These past few weeks have been quiet. I’ve been spending my time writing, reading, rediscovering my love for painting and drawing, going for slow walks, sitting outside in the sunlight, catching up on tv seasons with my boyfriend, ordering in and the occasional cooking of tacos. But this past Sunday we experienced a rare weekend day off for both of us (well most of the day off for me). We decided to venture out into Brooklyn for a day party we used to go to a few years back. While it was nice getting to spend some time outside in the sunshine, around other people and away from screens, we both decided that we no longer enjoy drinking or partying like we used to. I guess we’re growing up.

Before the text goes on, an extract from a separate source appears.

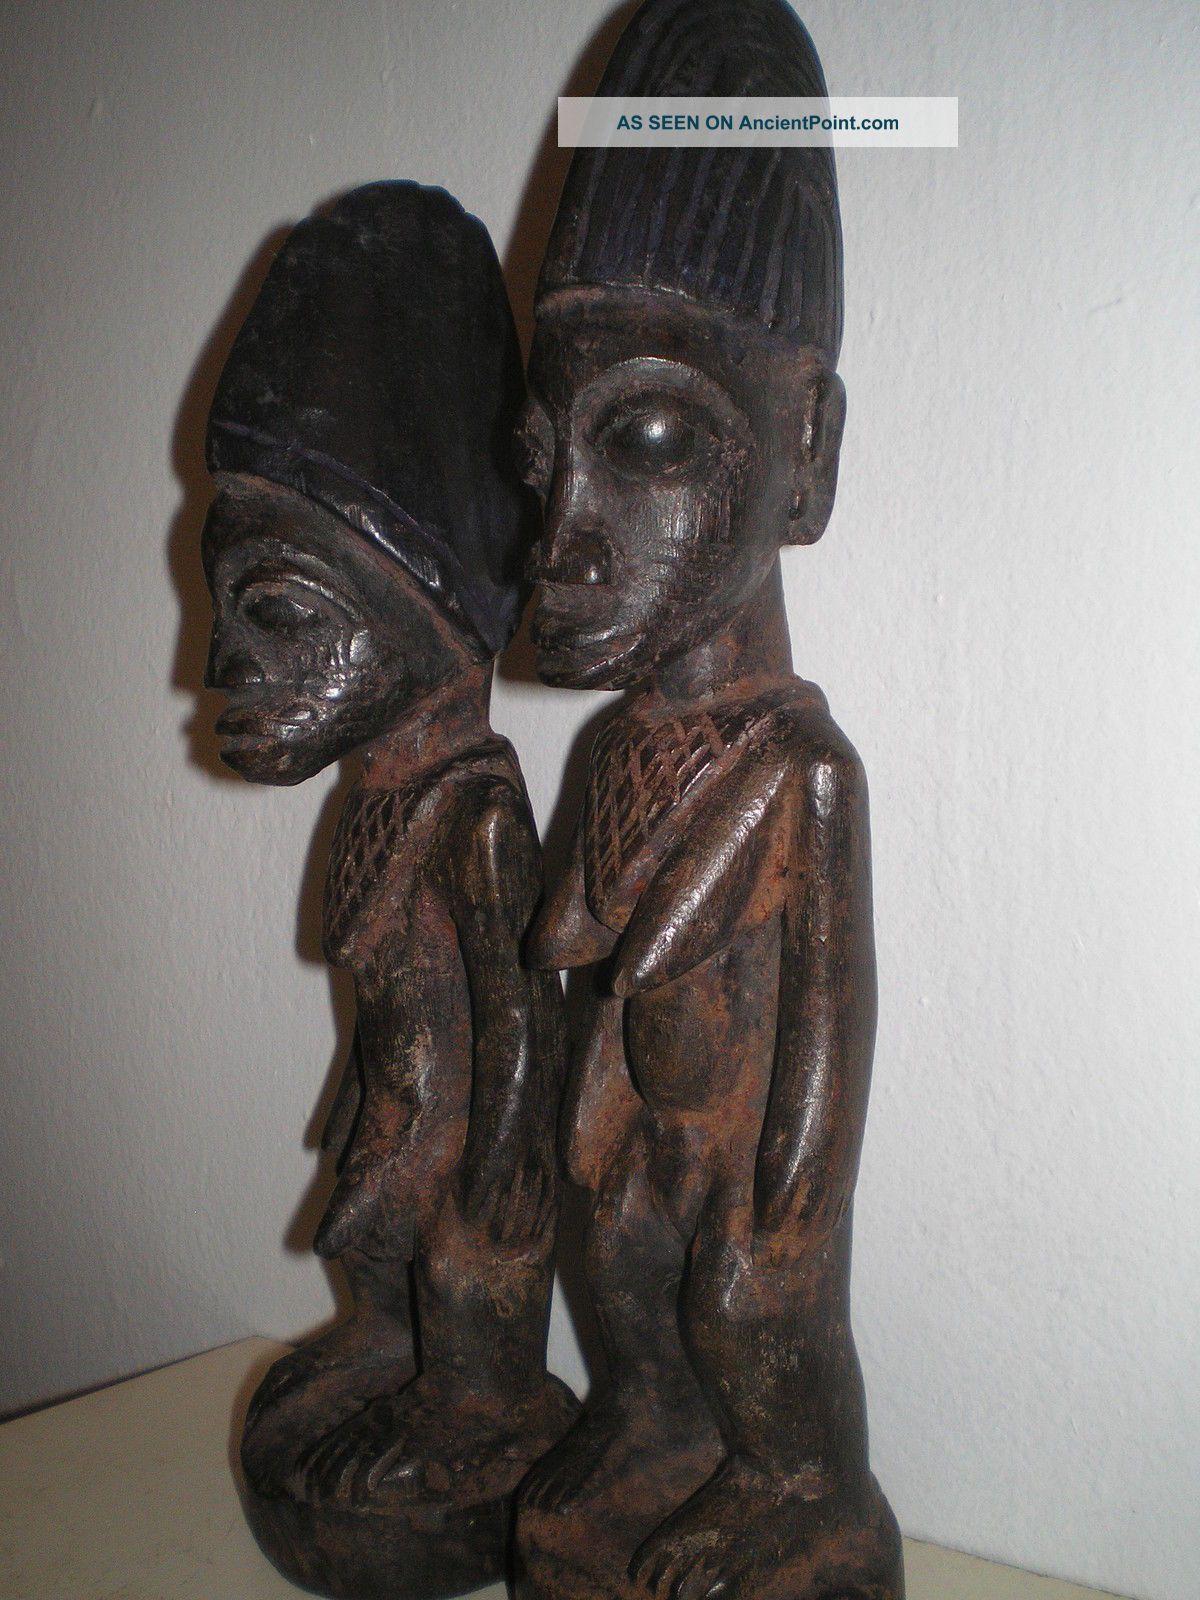 Antique Yoruba Ekiti Ibeji Figures Sculptures & Statues photo
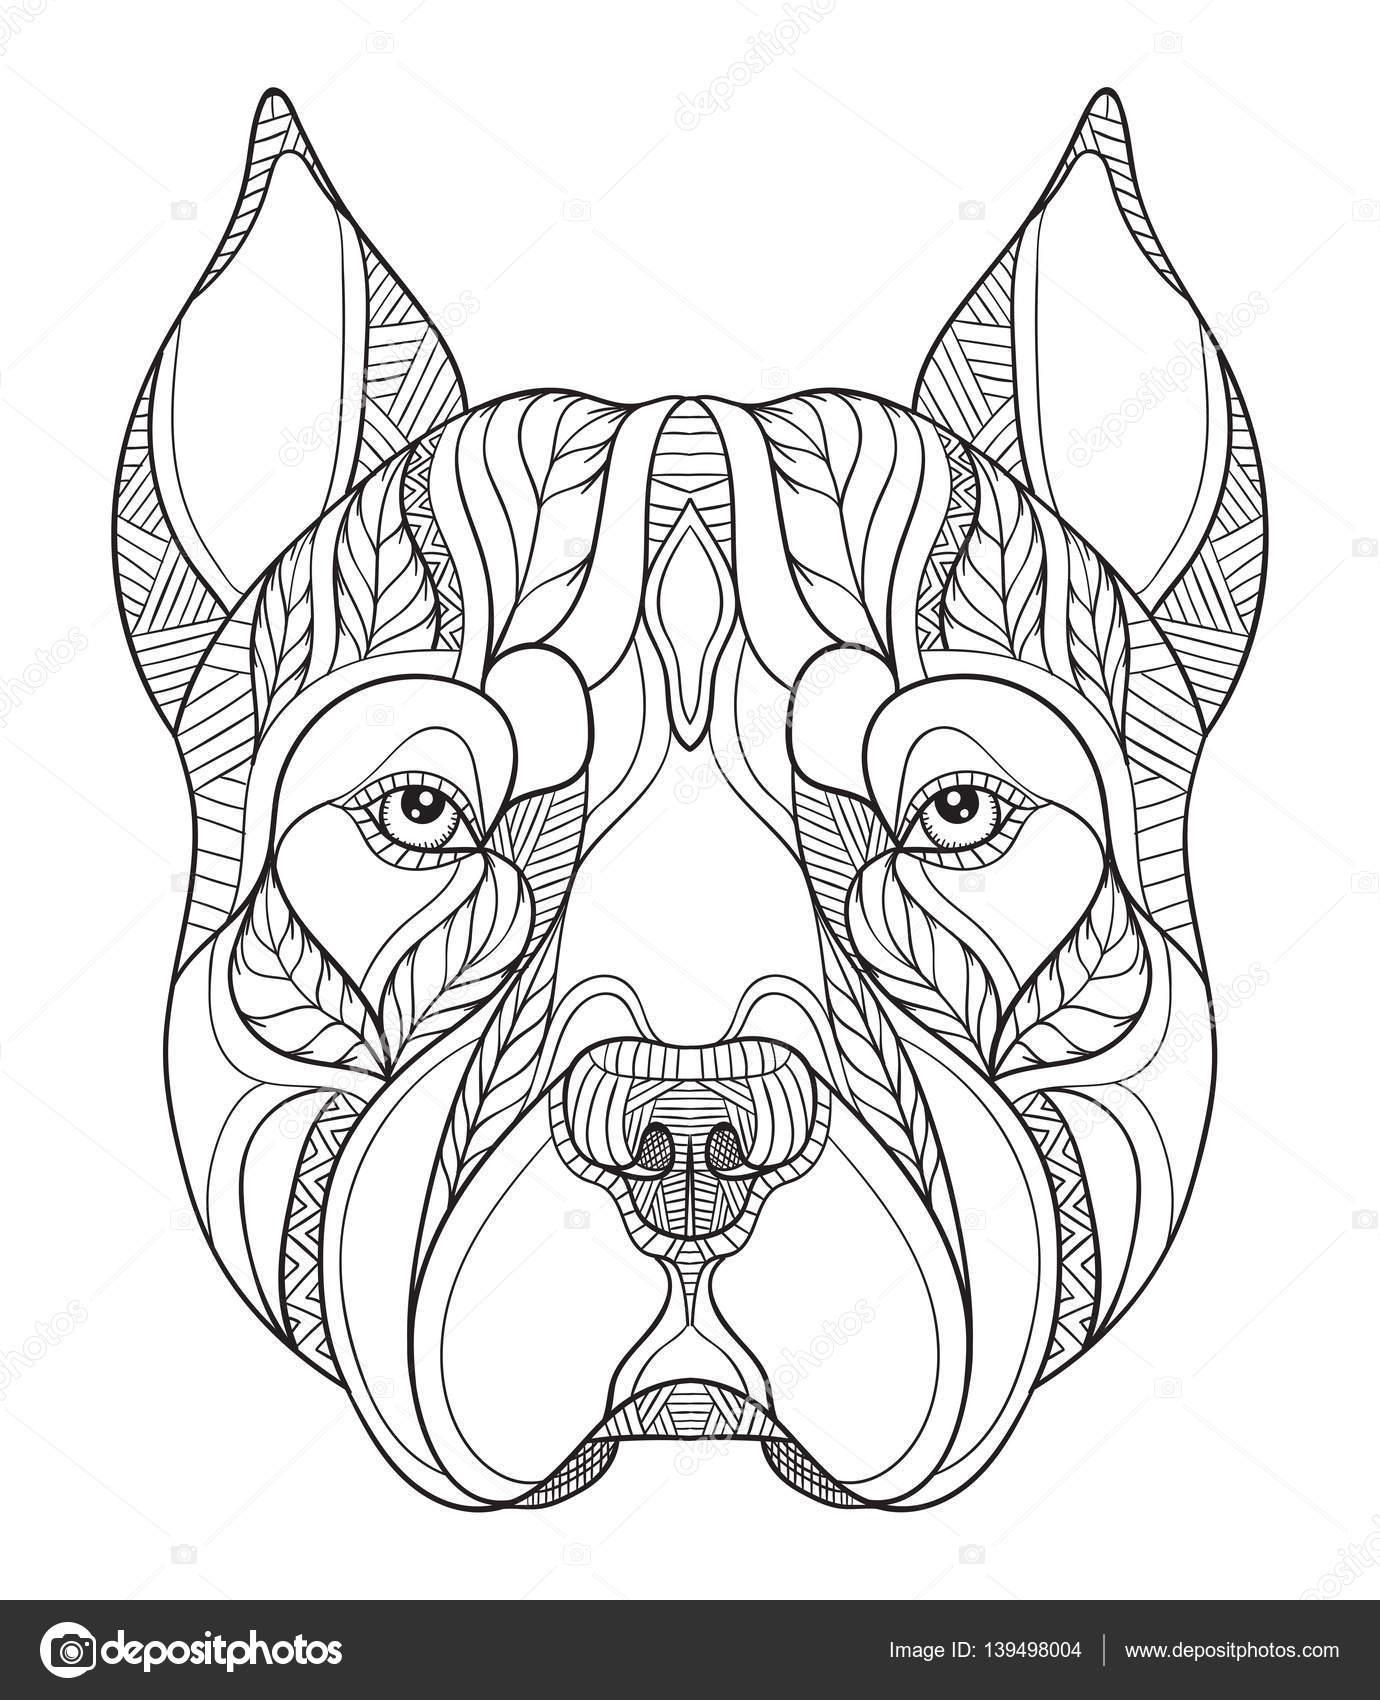 Pit bull terrier zentangle cabeça estilizada, vetorial

At the party, we grabbed food from a food truck situated nearby. After asking them to edit their ingredients to make something vegan for me, I enjoyed a delicious farro salad that left me excited to go home and create my own oil free and vegan version of it. While I definitely didn’t get the same version as the food truck, I was able to make a delicious, (mostly) whole food, and vegan dish. This farro salad is great hot but is also delicious cold which is perfect for summer months. It can be eaten as a side or a main dish. I found myself adding lots of black pepper to it afterward because I thought it complimented the tartness of the lemon and herbs well.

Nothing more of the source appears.